WU-BLAST was used to analyze the conservation level of all intergenic regions in the 13 selected bacterial species in this study (see Table S1 in the supplemental material). Our selection of the 13 species used for this study ensures that identification of sRNAs has been exhaustive since these species have all been well characterized at the transcriptome level. A list of “extended intergenic regions” for each species was created as a control for conservation analysis; Fig. 1 illustrates how extended intergenic regions were determined. The extended region includes parts of the upstream and downstream coding regions that are the same size as the original intergenic region along with the intergenic sequence, so that the combined region is three times the size of the original intergenic region. The parameters and criteria for conservation analysis are described in Materials and Methods. In brief, an intergenic or extended intergenic region is considered conserved in a species if a hit is returned by WU-BLAST and satisfies the filter criteria. Conservation levels of within-genus and outside-genus regions were calculated separately. The within-genus criterion refers to all species that are in the same genus as the analyzed species, and the outside-genus criterion refers to a group that includes 38 species from different genera (see Table S2 in the supplemental material for the full list). Since some genera have a limited number of species, such as Escherichia, this analysis can broaden the diversity of species for WU-BLAST and provide insight into how phylogenetic distance can affect the results of conservation analysis. Only intergenic regions with a conservation level equal to or higher than that of the extended intergenic regions are defined as “conserved intergenic regions.”

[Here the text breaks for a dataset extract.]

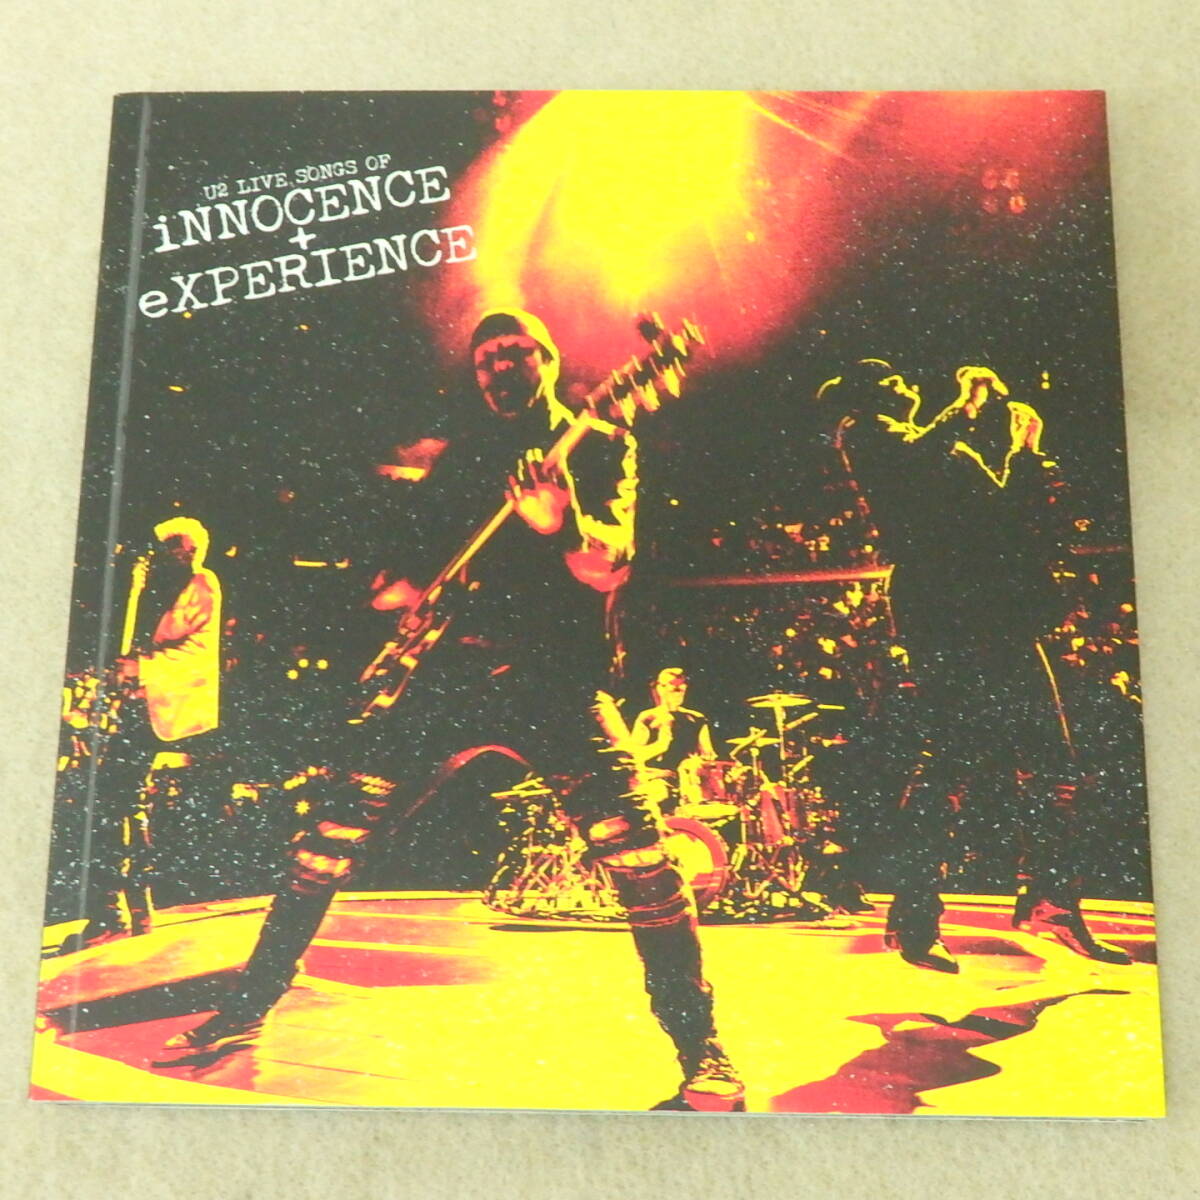 ★非売品CD / U2 LIVE SONGS OF INNOCENCE + EXPERIENCE ファンクラブ限定 大型紙ジャケCD レア盤 2CDの画像1
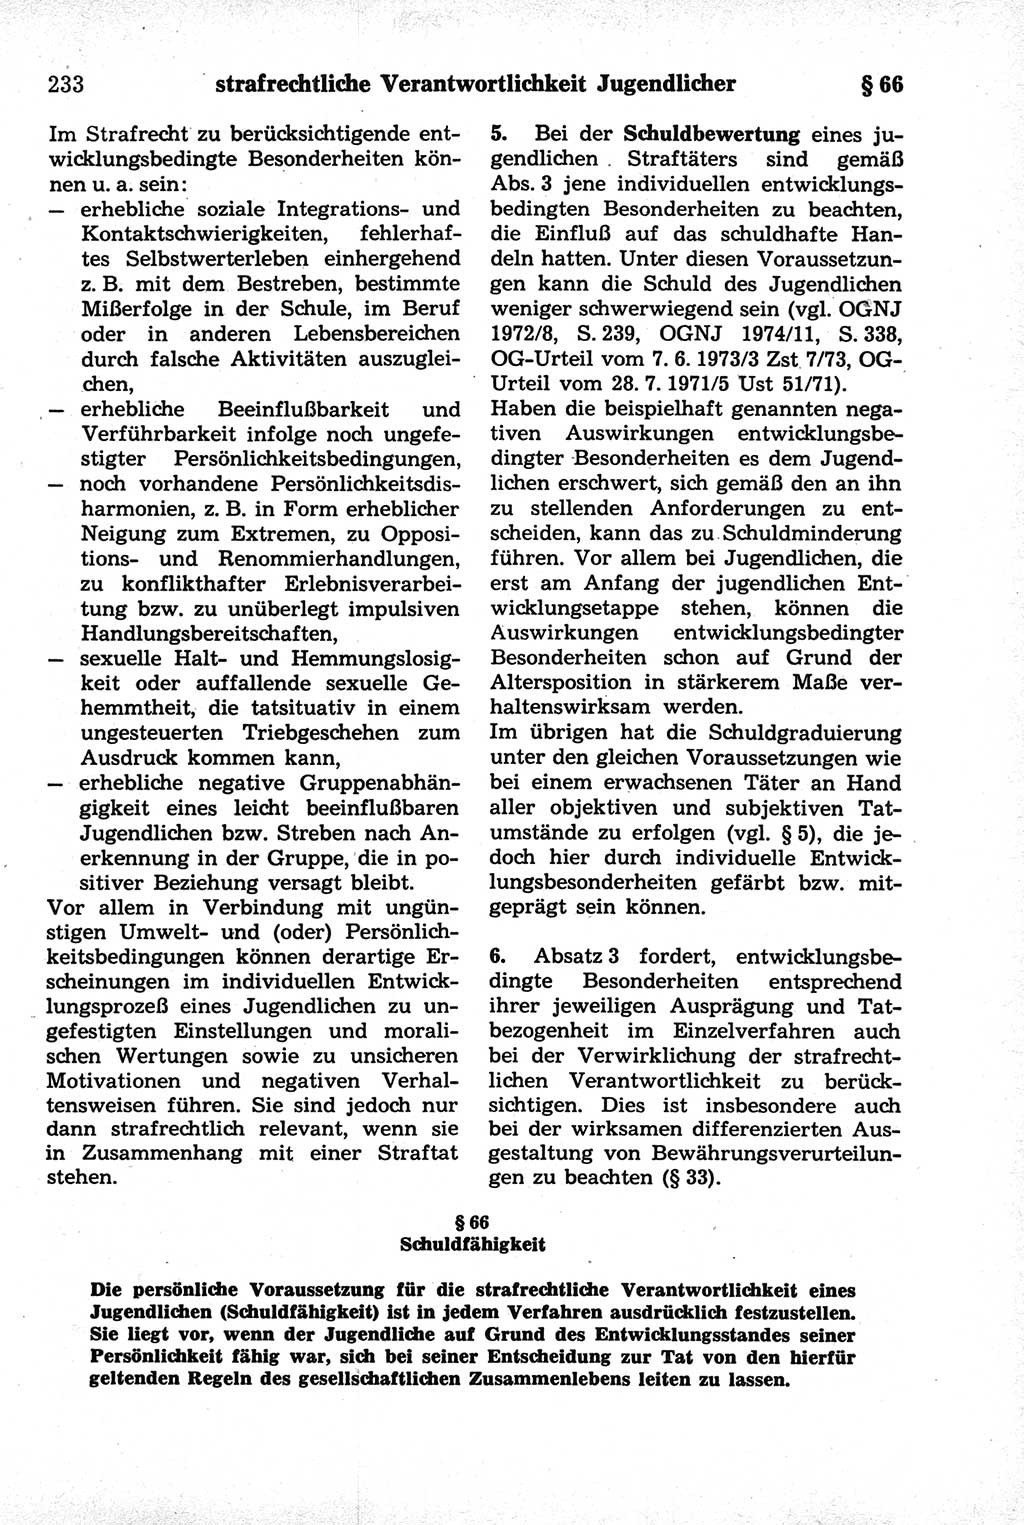 Strafrecht der Deutschen Demokratischen Republik (DDR), Kommentar zum Strafgesetzbuch (StGB) 1981, Seite 233 (Strafr. DDR Komm. StGB 1981, S. 233)

Figure 2 shows representative within-genus and outside-genus conservation patterns of three selected species (others are shown in Fig. S1 in the supplemental material). All intergenic regions were grouped into nonconserved, equally conserved, and more highly conserved (where conservation levels are lower than, equal to, or higher than those of extended intergenic regions, respectively). Results show that while most intergenic regions (68 to 82%) are not conserved within-genus or outside-genus among the species studied, a large enough fraction of all intergenic regions are either equally conserved or highly conserved relative to the surrounding (gene-carrying) regions; the latter cases were of the most interest, as we aimed to analyzed enrichment patterns of sRNAs in exceptionally conserved intergenic regions. Raw data from WU-BLAST can be found in Table S3 in the supplemental material. To fully understand how heterogeneously distributed conserved intergenic regions were among species surveyed, we tabulated the distribution of all conserved intergenic regions among all with within-genus species. According to unique conservation patterns that were observed, we classified the target species into two categories: group 1 includes the majority of all species analyzed, where the main characteristic is that most intergenic regions are conserved in a way that is not specific to a single species. In contrast, group 2 is characterized by having most of its intergenic regions (>50%) conserved in a limited set of species. The two species that fall into this category are M. bovis, which has a 63.8% of its conserved intergenic regions conserved only in Mycobacterium tuberculosis, and C. trachomatis, which has 83.4% of its conserved intergenic regions conserved only in C. muridarum.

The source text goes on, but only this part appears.